The nomads have photovoltaic panels on the sides of their yak-hair tents and dream at night of high-speed Internet access and the bright lights of Lhasa. In our rip-stop nylon tent we dreamt of a vast wilderness without email, and of endless uninhabited lands watched over by the sacred pile of conglomerate.
Amidst a herd of grazing goats and sheep we crossed the suture between the Australian Plate (which carries with it India) and the Asian Plate. It was a small step for us, but a plate change that brought us to the foot of the Tran Himalayan Range and its towering crown, Kailas.

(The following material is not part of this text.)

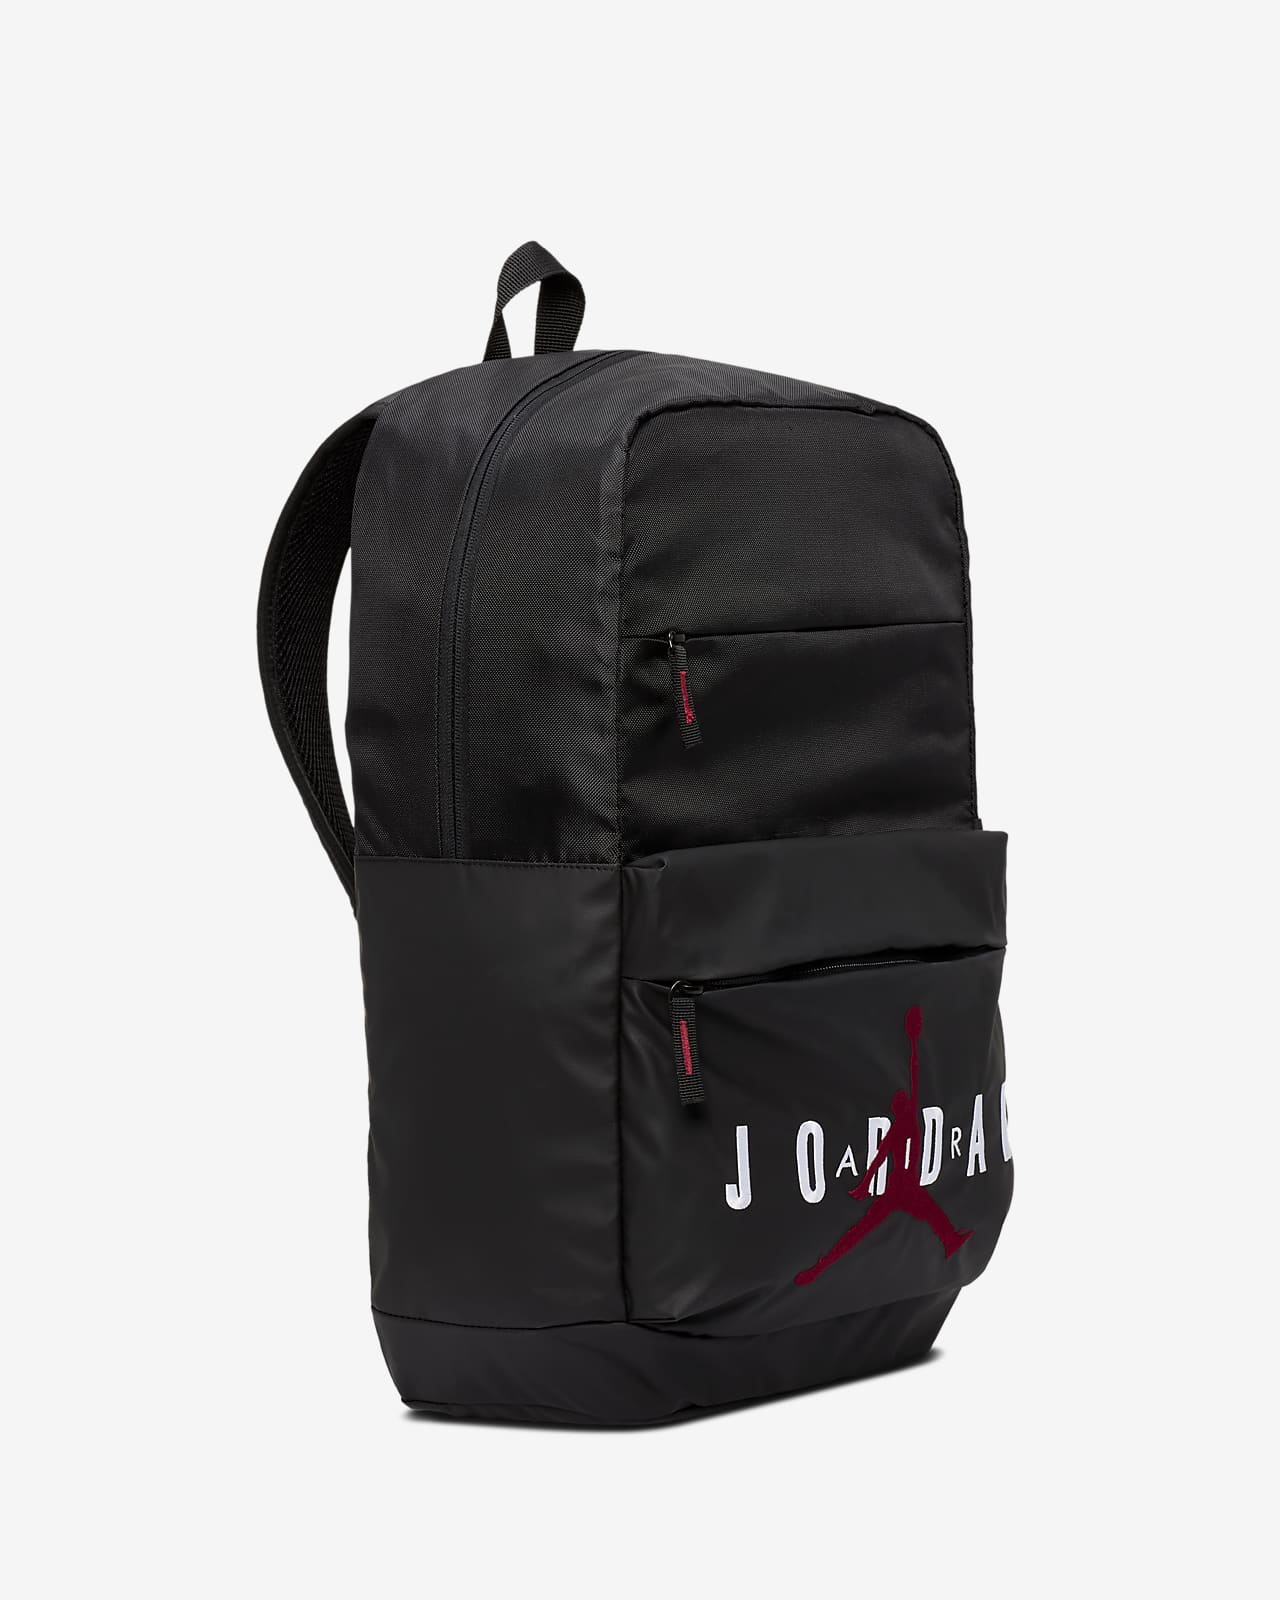 jordan backpack australia

We followed Tibetan pilgrims on the clockwise circumambulation route, up a vast glacier-scoured valley, the spectacular conglomerate outcrops polished and striated by Pleistocene ice. Our route gained us spectacular views of each of Kailas’ pyramidal sides. The most sublime view is from the north, a view seen in textbooks, paintings, photographs, where the spire of conglomerate is framed by dark hills. We admired this view by full moon, with chattering teeth, engraving the sight meticulously in our minds.
We crossed our highest pass at 18,500 feet, together with a group of singing pilgrims. We shared food, laughs, and the joy of the successful ascent, but no spoken language. A huge sacred rock completely swathed in streamers of colorful prayer flags marks the top of the pass. We added names of friends and family to the tokens that decorate this shrine.
Our return took us around the east side of the holy Lake Manasarowar. A navigation error had us walking in our bare feet through an ice-encrusted swamp of black ooze. We confirmed through careful tactile analysis of this frozen mire the phenomenon of high accommodation here at the foot of the range. We lingered by burbling hot springs ideal for boiling instant Chinese noodles and headed back across the passes into Nepal. Our backs to the fading spire of ice, we walked through valleys straddling the frontier between Tibet and Nepal. Friendly villagers threshing wheat in communal enthusiasm invited us to pause for a while, a week, a decade? We resisted the temptation to linger and hastened south, propelled by ingrained habit to honor schedules, deadlines, and clocks. We crossed more passes and were back at the mountain airstrip fussing with excess baggage, overbooking, and the shock of reentry. A few plane rides later we were on the RTD bus in Denver where nothing had changed, except us.